I trained a simple network with convolutional, maxpooling2d and dense layers and had exported it to a keras (.h5) file. The model input is an image
64x48 and has two output layers.
So, when I run inference with a black image (
np.zeros(64,48,3) ) on the following libraries/framework: Tensorflow, TFLite and TF-TRT, I get the same output data, e.g., approximately the values:
0,56 . The deal is when I run the very same input data on the same model, the predicted data isn’t the same of the previous engines, getting approximately the values
0,74. I converted the .h5 file to a trt_inference_graph (.pb), and then generated a .uff file from the .pb, running
python3 (...)python3.6/dist-packages/uff/bin/convert_to_uff.py model.h5
I double checked the stage pipeline between the .h5 to the final .uff, and tried different implementations.
.h5 -- trt.create_inference_graph --> .pb --> convert_to_uff.py --> .uff
.h5 -- trt.create_inference_graph --> .pb --> import to tensorrt and run uff.from_from_tensorflow_frozen_model(...)
Both implementations gave the same wrong.
I also have transposed the input matrix and registered the input and output layers on the parser. A weird phenomenon is that if i run TensorRT inference without the input layer, it will gets an error.
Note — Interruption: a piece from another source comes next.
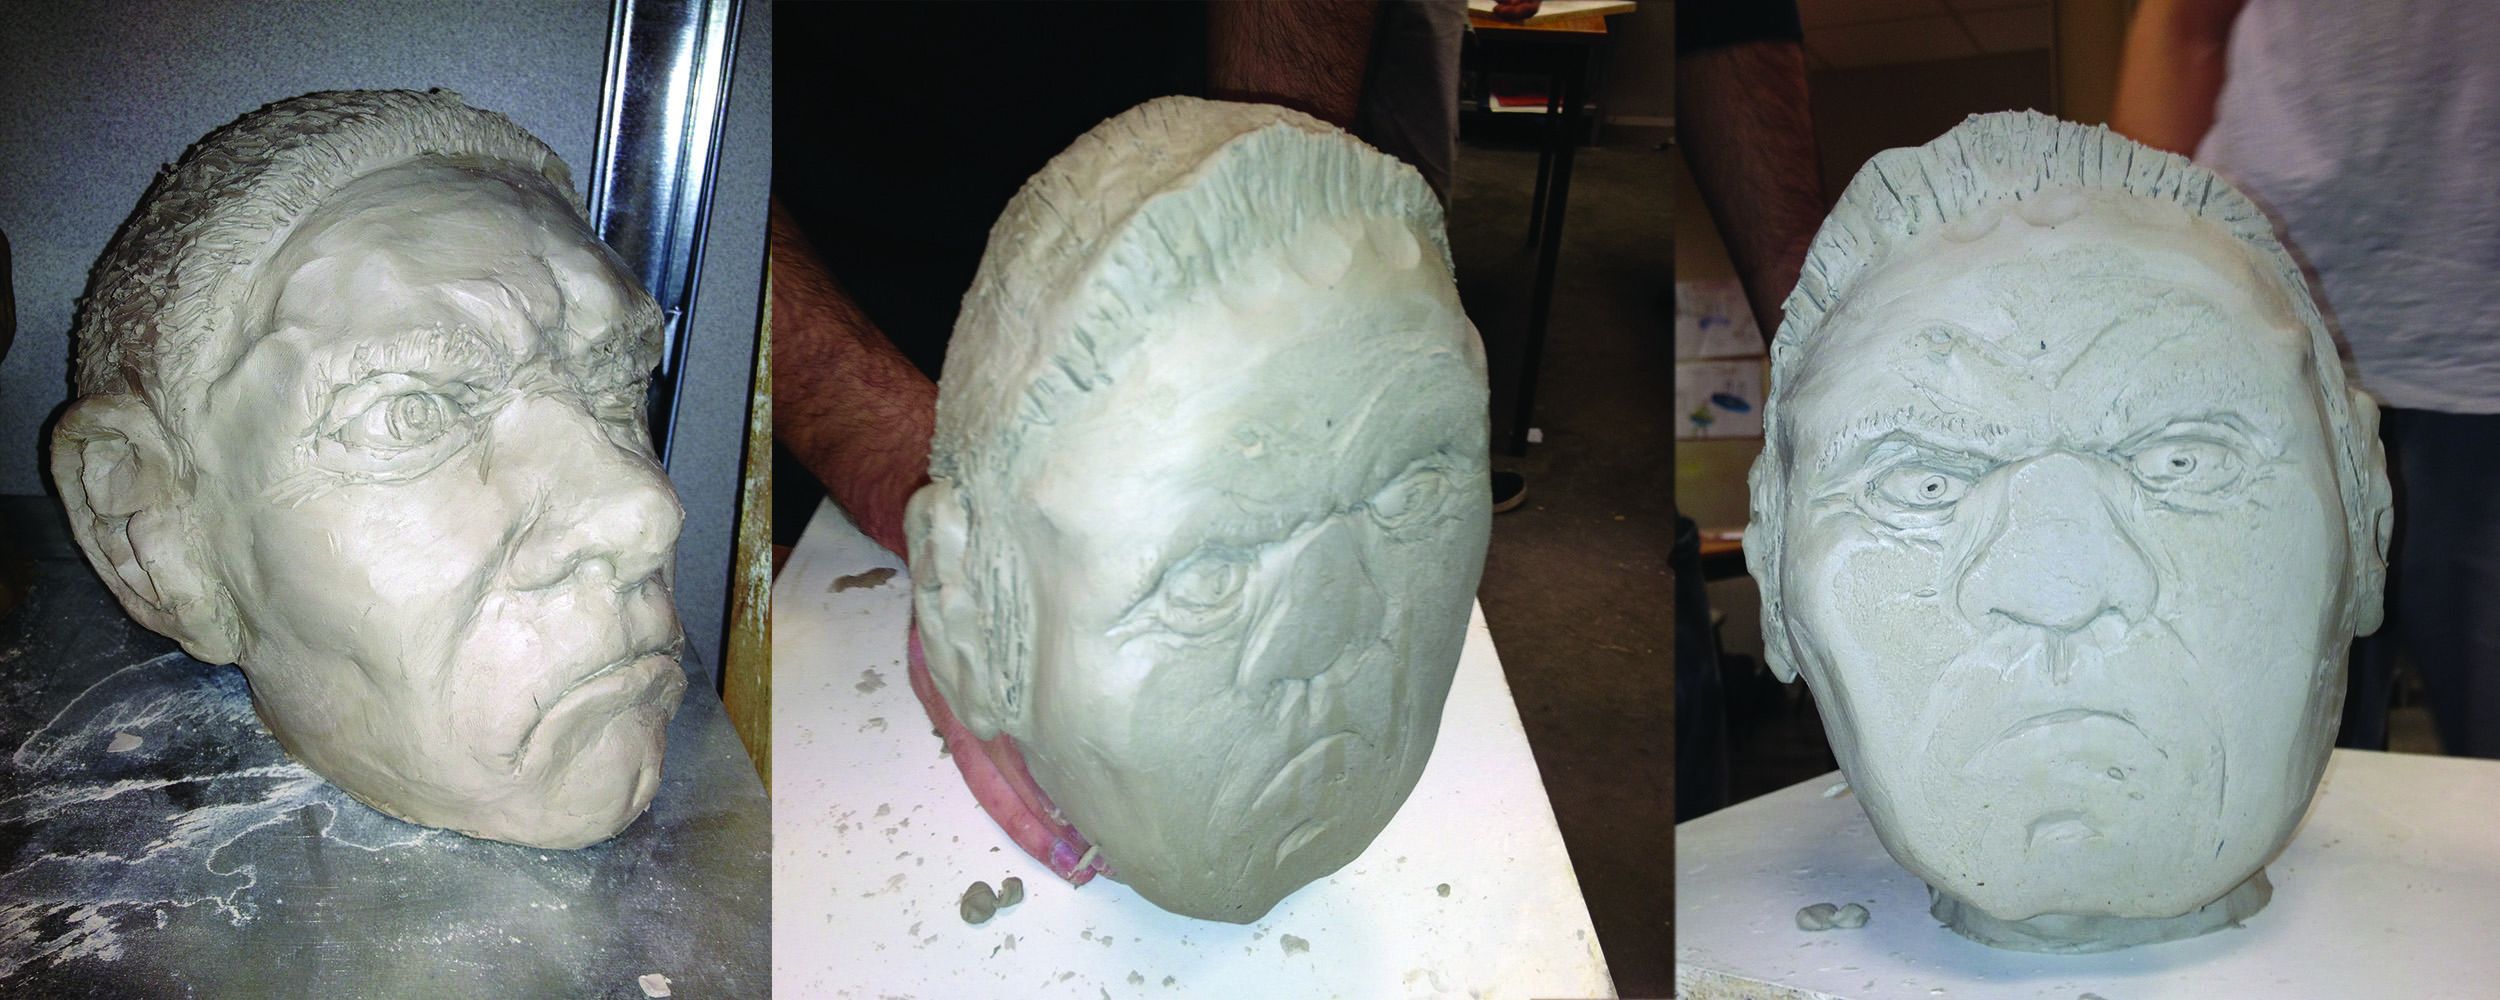 This clay sculpture fell perfectly flat on its face, and looks pissed about it

But if i don’t register one or two output layers or if I register them with any names at all, the output will be exactly the (wrong) same and won’t give any error.
Following, I give my source code, hoping I can get some feedback about it. Have I missed some flag or am I making some mistake while sending the input data to the host?
2) Another doubt that I have is: if memory is shared between CPU and GPU, it is necessary to allocate the buffers on “device memory” (duplicating the data on the same memory). Also, it is necessary to copy the input data (
image) to another buffer (the host_input)?
Hope I can get some help :)